Gli epicentri erano situati a circa 34 km a nord-nordest di Zindah Jān (popolazione 10.104), 39 km a nordovest di Herāt (popolazione 574.300), e 39 km a sud-sudest di Qarah Bāgh (popolazione 12.412), Herat, Afghanistan.
Popolazione coinvolta
Circa 1,2 milioni di persone vivono entro 50 km dall’epicentro e circa 2 milioni entro 100 km.
GDACS ha emesso un allarme rosso per tutti i terremoti della sequenza finora – si prevede un alto impatto umanitario basato sulla magnitudo e sulla popolazione colpita e sulla loro vulnerabilità.
Secondo l’USGS PAGER, si stima che 1.000 persone abbiano avvertito una forte scossa (M6.3), 15.000 molto forti, 920.000 forti, e 839.000 moderate.
Impatto del terremoto
L’USGS ha emesso un allarme arancione per le vittime legate alle scosse. È probabile che ci siano vittime significative e il disastro è potenzialmente diffuso. Eventi passati con questo livello di allarme hanno richiesto una risposta a livello regionale o nazionale.
Perdite economiche
È stato emesso un allarme giallo per le perdite economiche. È possibile qualche danno. Le perdite economiche stimate sono inferiori all’1% del PIL dell’Afghanistan.

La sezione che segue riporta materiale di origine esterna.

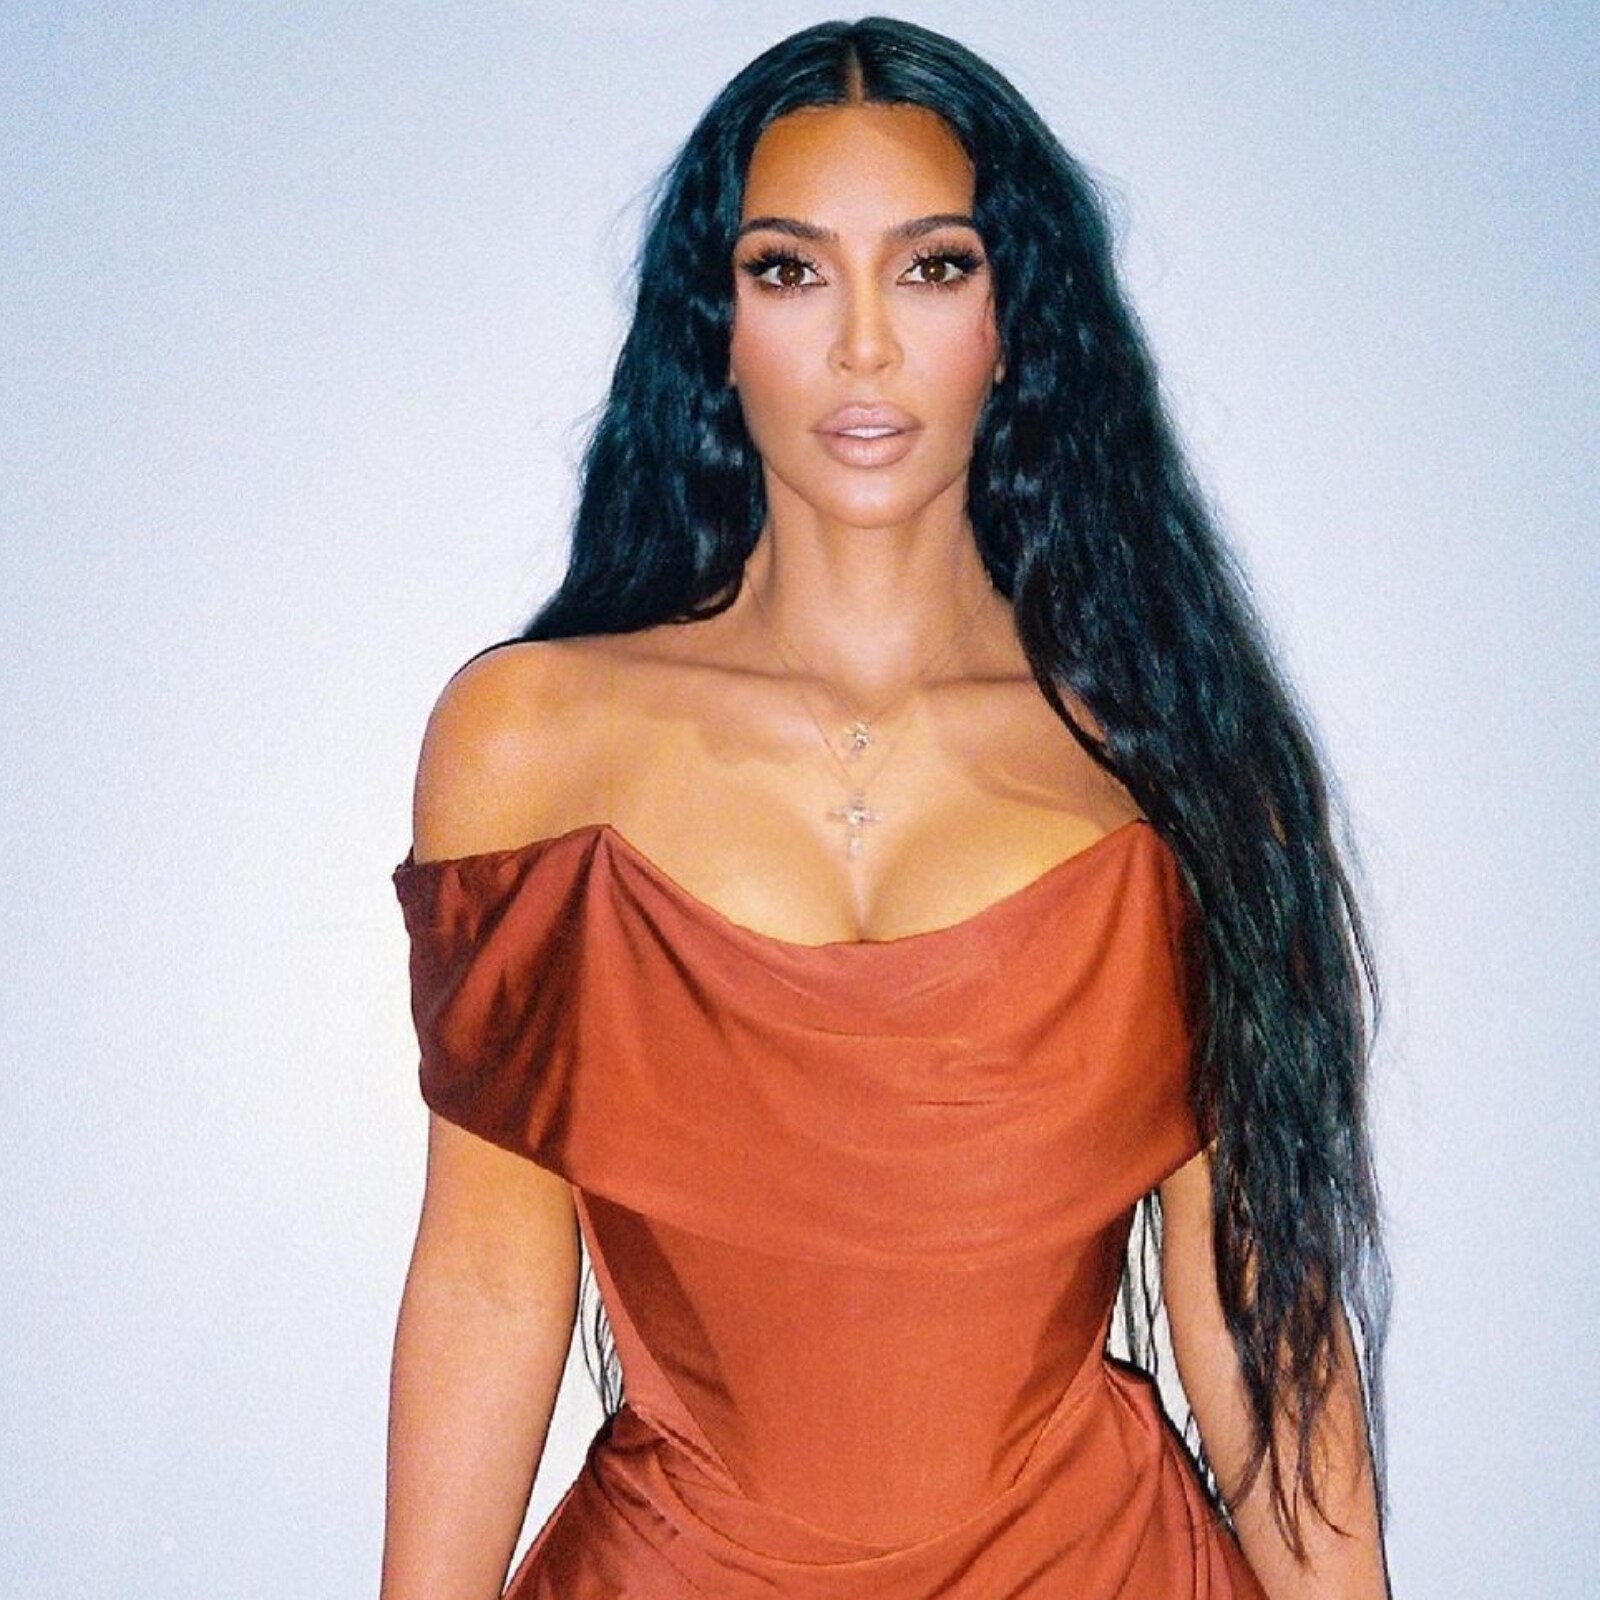 Kim Kardashian 'Shaken' by Controversial Balenciaga Ad

Vulnerabilità delle strutture
In generale, la popolazione di questa regione risiede in strutture che sono vulnerabili alle scosse di terremoto, sebbene esistano strutture resistenti. I tipi di edifici vulnerabili predominanti sono i blocchi di adobe e i mattoni non rinforzati con fango e costruzione di pali di legno.
Rischi secondari
I recenti terremoti in questa zona hanno causato rischi secondari come frane che potrebbero aver contribuito alle perdite.